NVDE: 'Niet biomassa maar fossiele energie afbouwen'
Het besluit van het kabinet om te stoppen met de subsidie voor nieuwe projecten met biomassa voor lage temperatuur warmte (tot 100 graden) maakt het veel moeilijker en duurder om de gebouwde omgeving te voorzien van duurzame warmte, bijvoorbeeld via warmtenetten. Volgens Nederlandse Vereniging voor Duurzame Energie maakt dit besluit de klimaatdoelen voor de gebouwde omgeving nagenoeg onhaalbaar, vergroot het de afhankelijkheid van (Russisch) aardgas en zorgt het voor hogere kosten voor bewoners en bedrijven.
NVDE wijst erop dat duurzame alternatieven voor biomassa op korte termijn onvoldoende beschikbaar zijn, zeker om te voorzien in de piekvraag naar warmte in de winter. De beschikbare alternatieven zijn bovendien aanmerkelijk duurder dan duurzame biomassa. Volgens onderzoek van TNO leidt dit tot een kostenstijging van 1,7 tot 2,6 miljard euro. Helaas geeft het kabinet op geen enkele manier aan hoe de opbouw van die (duurdere) alternatieven eruit ziet en ontbreekt het dus aan een plan om de stop van biomassa te compenseren.
Uitfaseren subsidies heeft financiële consequenties
Eerder stelden het PBL en TNO al vast dat het halen van de klimaat- en energiedoelstellingen in met name de gebouwde omgeving en de glastuinbouw technisch en financieel gezien lastig samengaat met een uitfasering van subsidies op houtige biomassa eerder dan 2030, en financiële consequenties zal hebben.

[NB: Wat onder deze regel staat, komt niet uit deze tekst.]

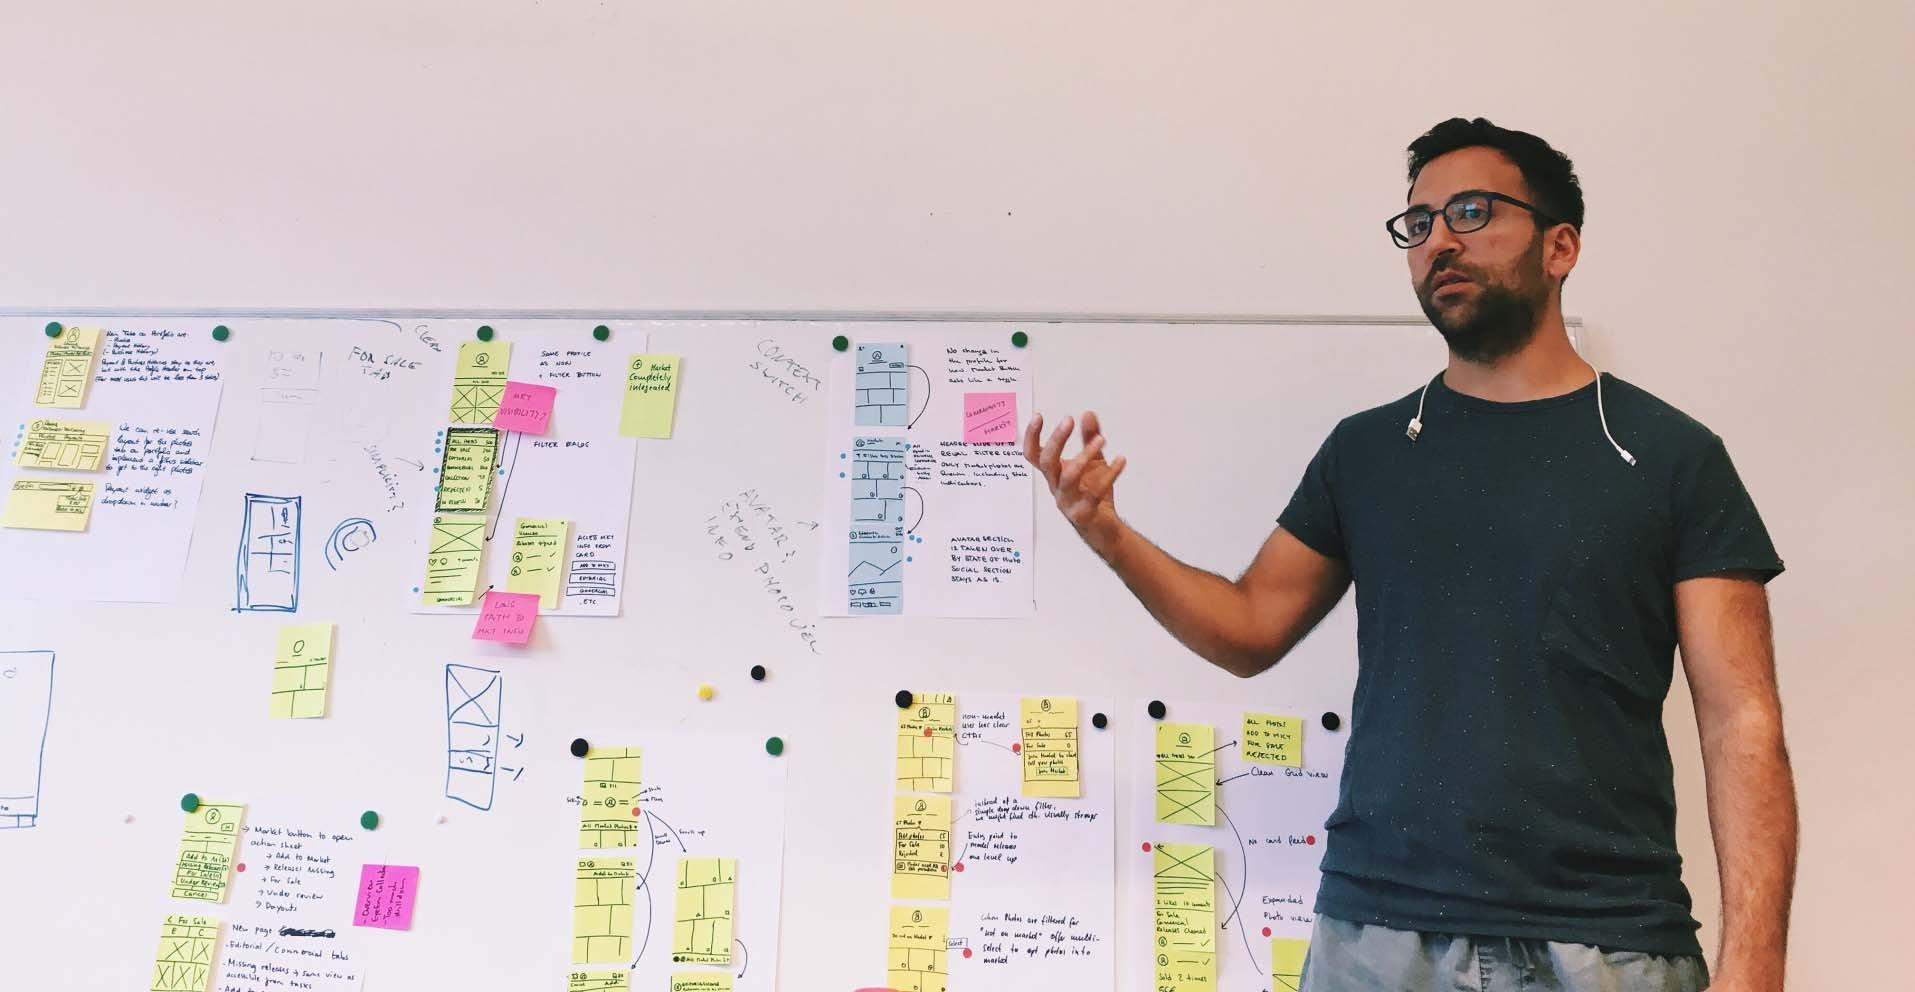 man-presenting-at-whiteboard_t20_NQoa0n
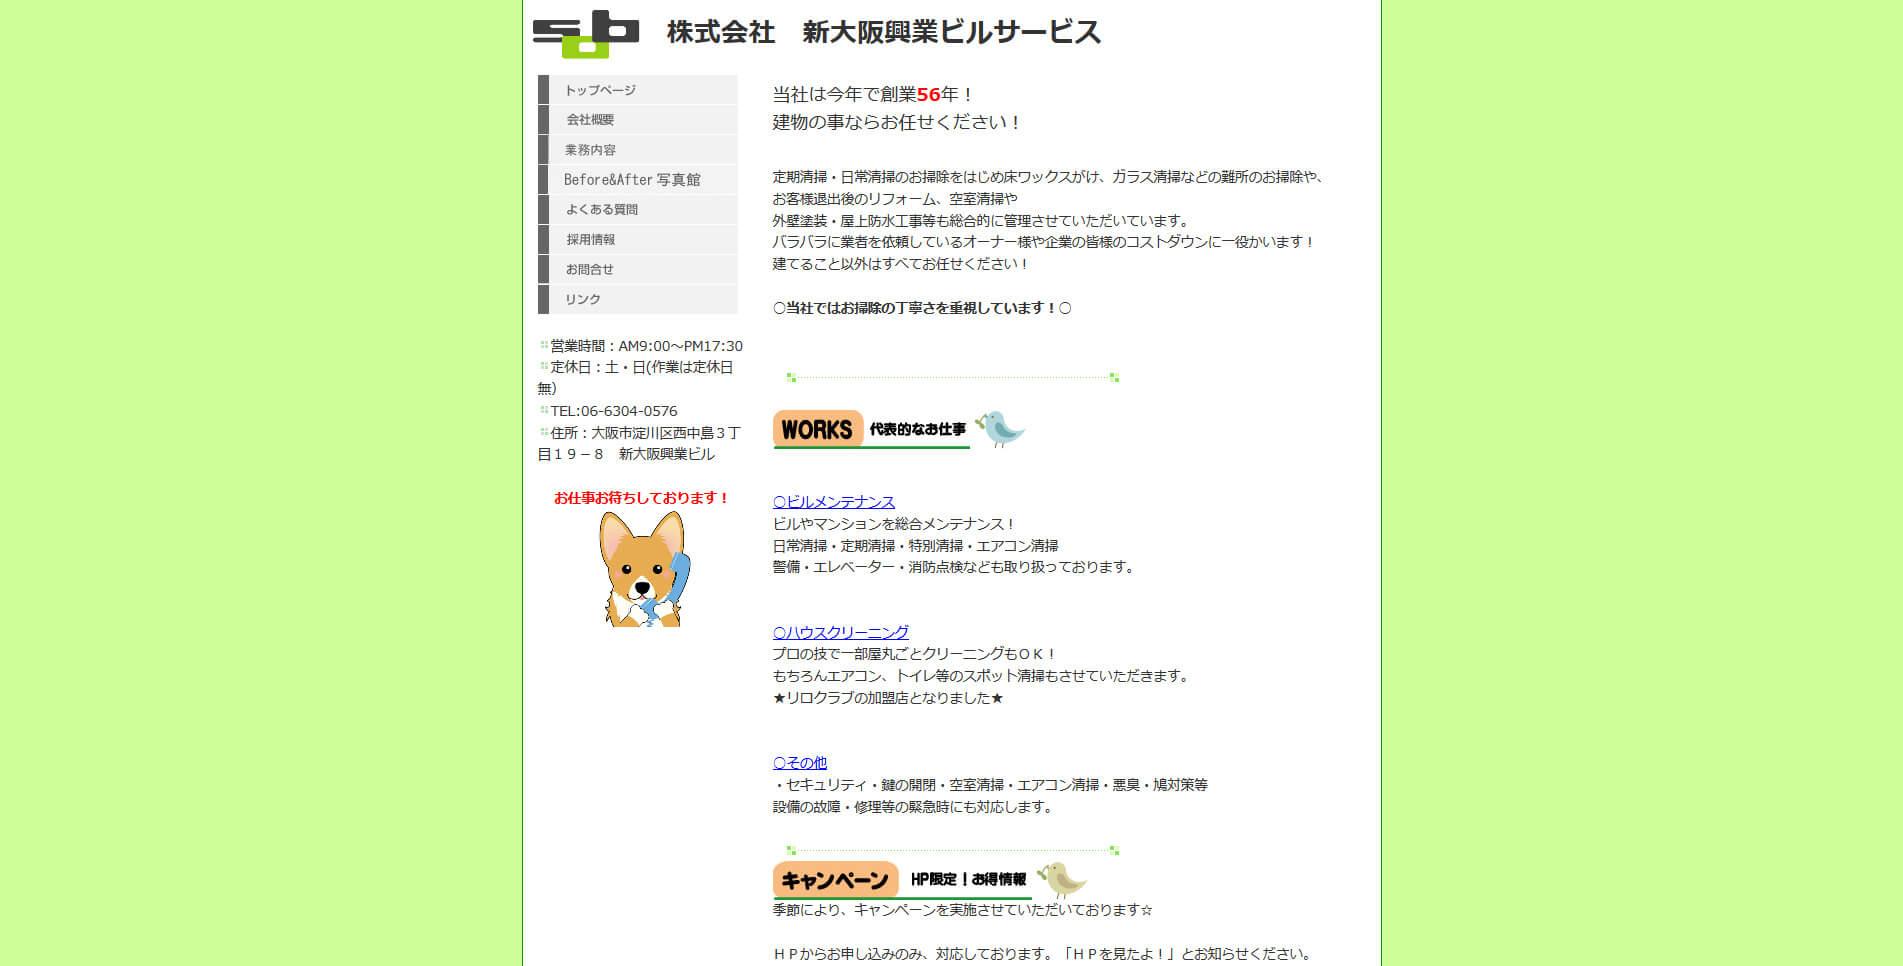 株式会社新大阪興業ビルサービス

Deze kosten zullen uiteindelijk via een hogere energierekening betaald moeten worden door burgers en bedrijven. En de kans dat we onze klimaatdoelen voor 2030 halen wordt er een stuk kleiner door.
Lange termijn oplossingen worden gehinderd
De stop op subsidies voor nieuwe bio-warmteprojecten zal ook transitiepaden hinderen die we op lange termijn nodig hebben. Dit soort projecten zijn bijvoorbeeld erg geschikt om een nieuw warmtenet van flexibele warmte te voorzien, waarbij een alternatieve bron als geothermie wordt ingepast zodra het net groot genoeg is. Ook zorgen deze projecten voor de borging van duurzame biomassastromen die in een later stadium kunnen worden gebruikt voor hoogwaardige toepassingen als de chemie en materialen. En ze bieden in combinatie met het afvangen van CO2 de kans om negatieve emissies te realiseren.
Op dit moment is de gebouwde omgeving op weg naar een CO2- uitstoot van 18,9 Megaton in 2030, volgens de Klimaat- en Energieverkenning van PBL. In de recente brief van minister Jetten over het klimaatbeleid staat dat dit in 2030 nog maar 10,1 Megaton mag zijn. Er is, aldus NVDE, dus een zeer ingrijpende versnelling van de verduurzaming nodig, niet een vertraging zoals dit.